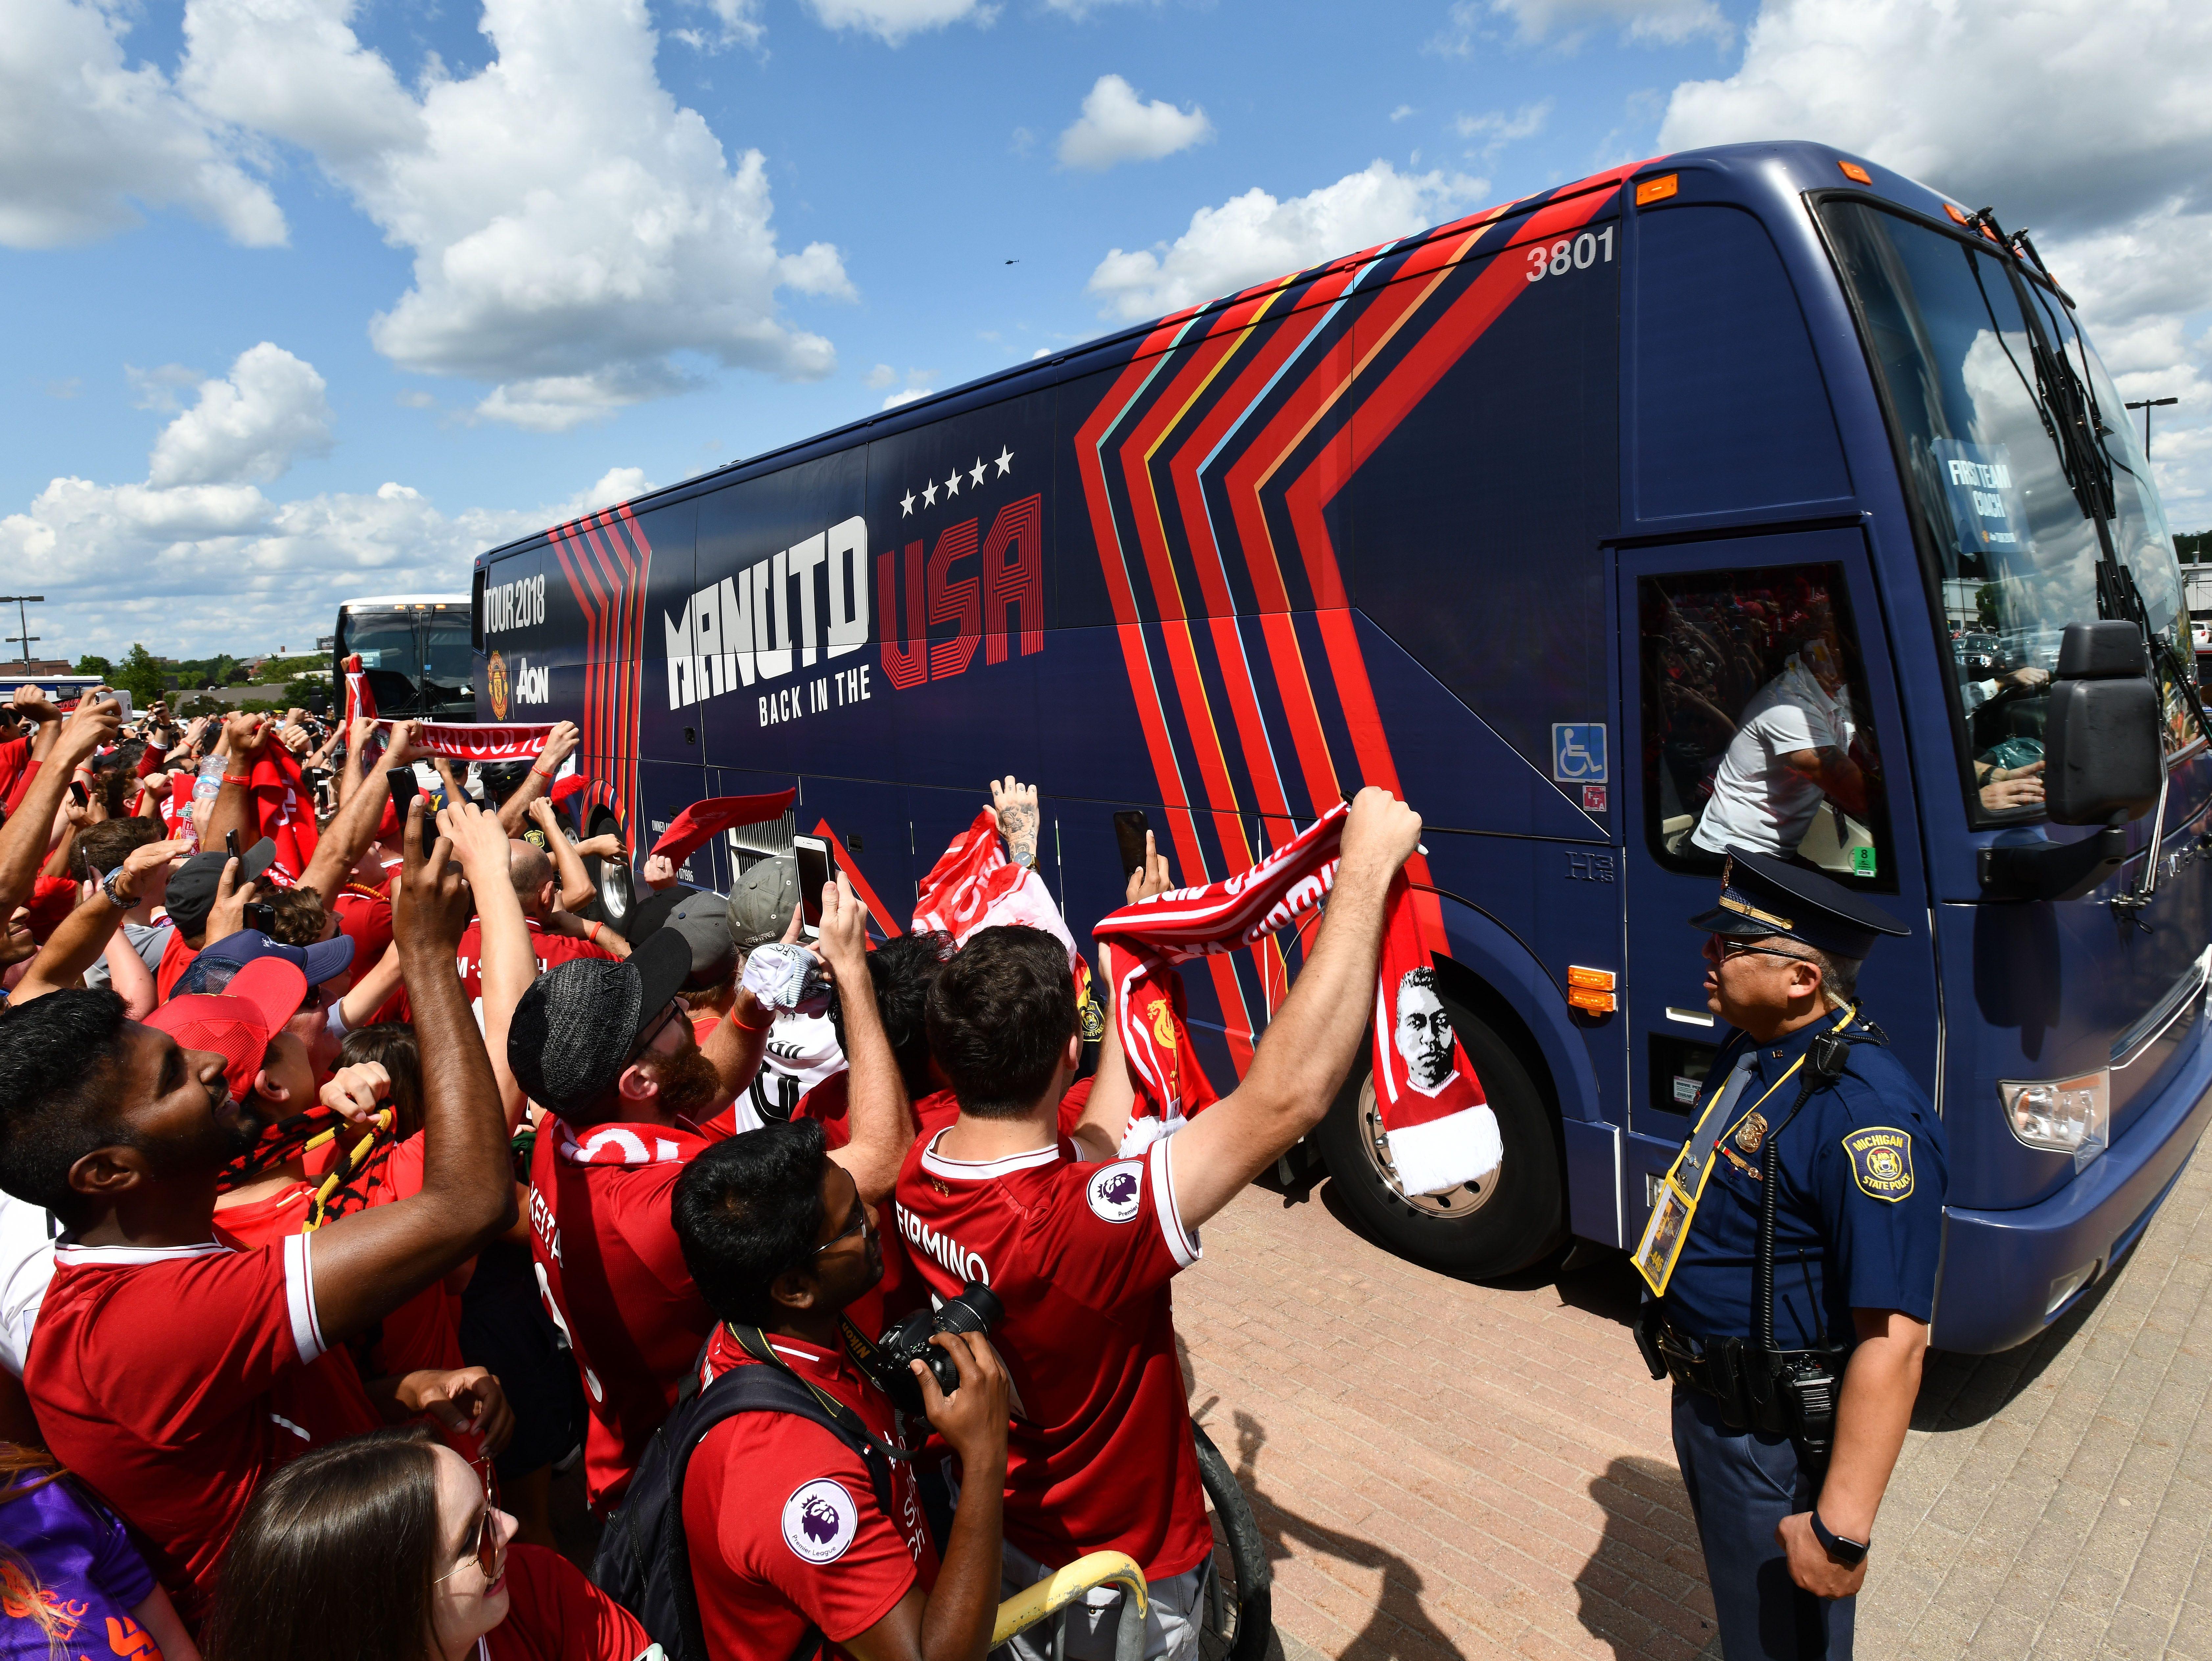 Manchester United bus arrives.
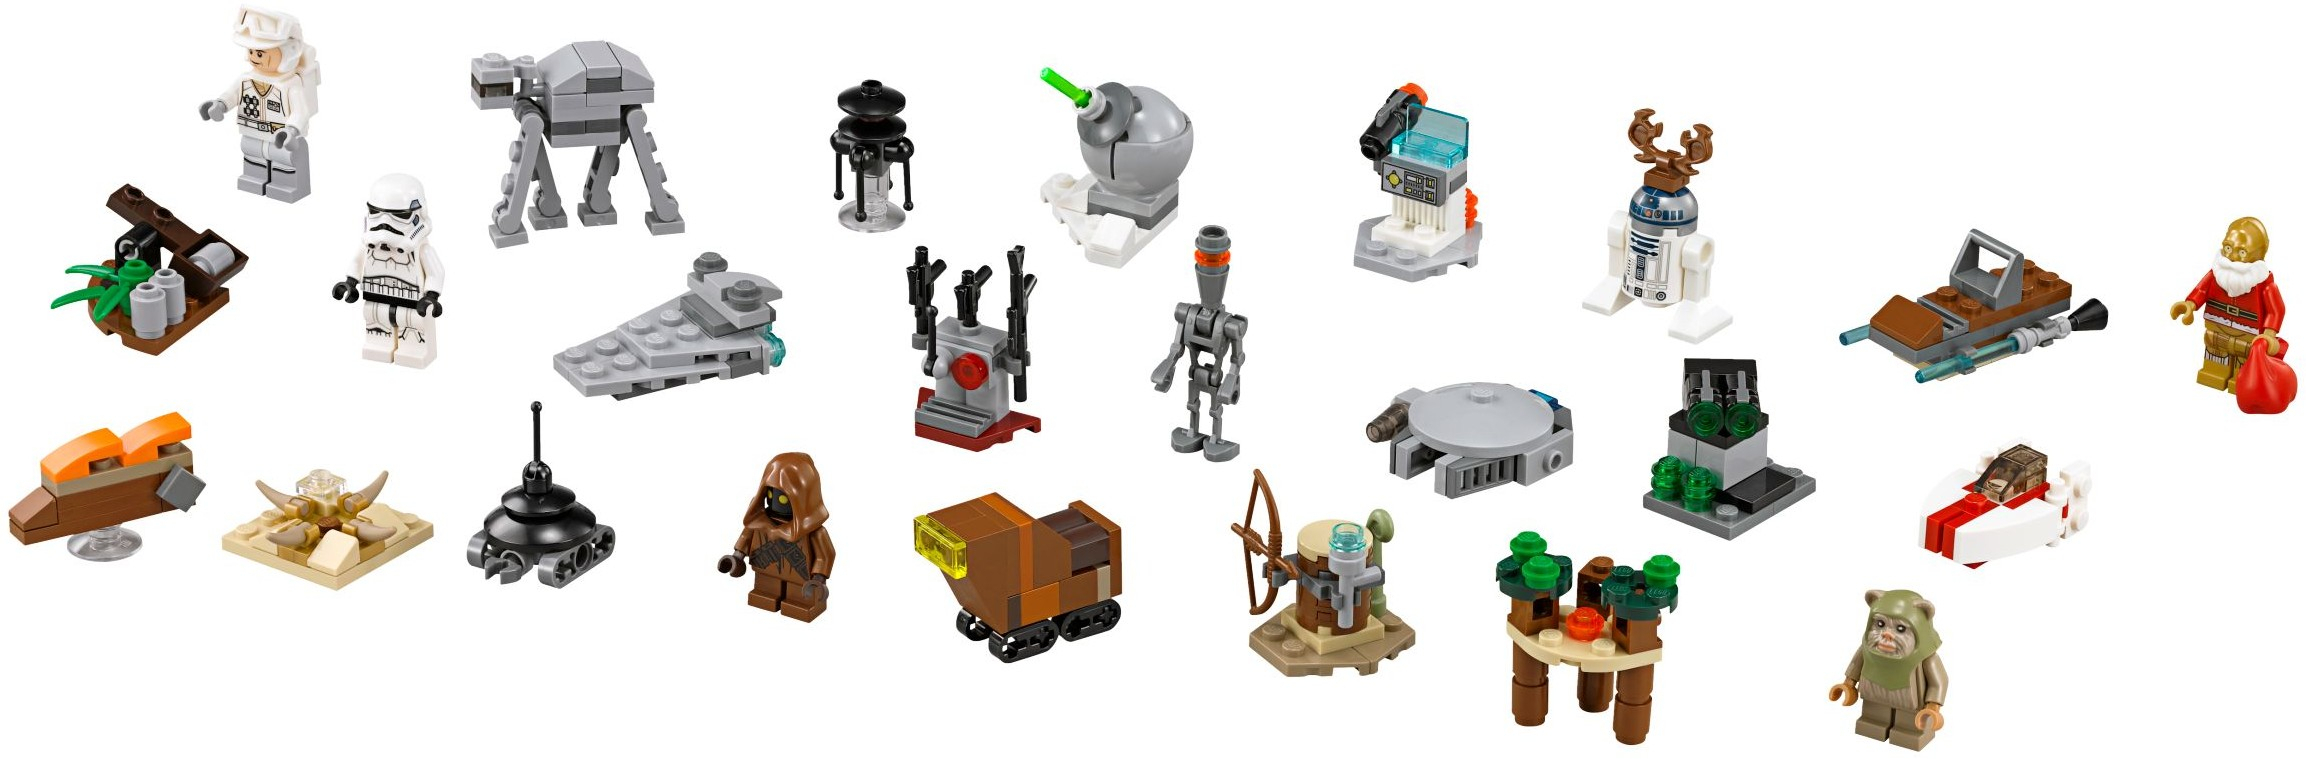 Лего 75097 Star Wars Advent Calendar with Lego 75213 Instructions
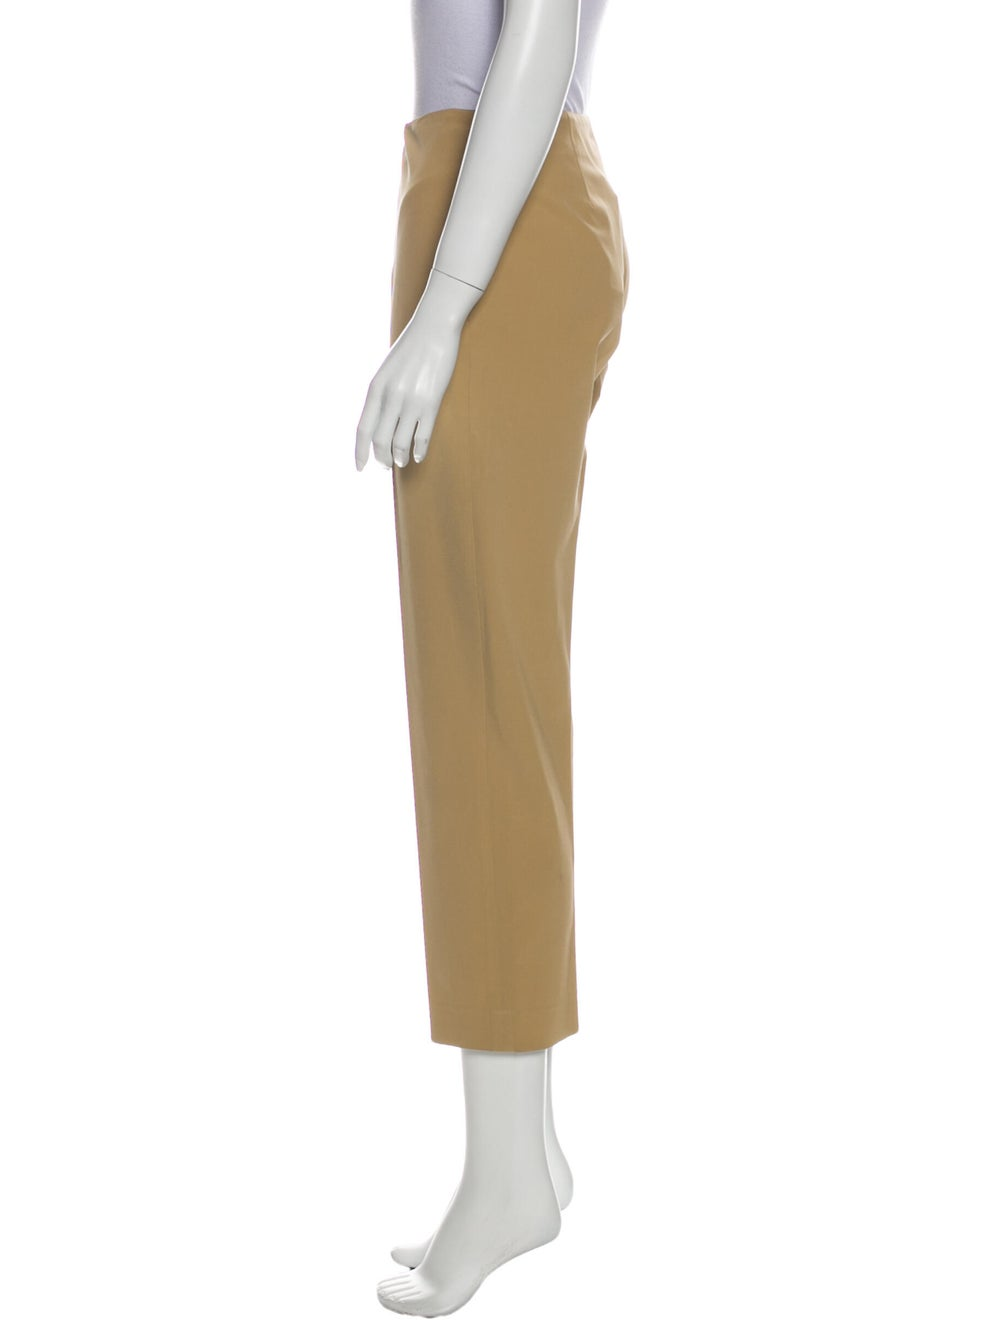 Prada Straight Leg Pants - image 2

**Assignment**
In the data above, find the line with "Лего 75097 Star" and repeat it and every line after it through the end, exactly; leave the pictures out.

**Output for this task**
 Лего 75097 Star Wars Advent Calendar with Lego 75213 Instructions
 Prada Straight Leg Pants - image 2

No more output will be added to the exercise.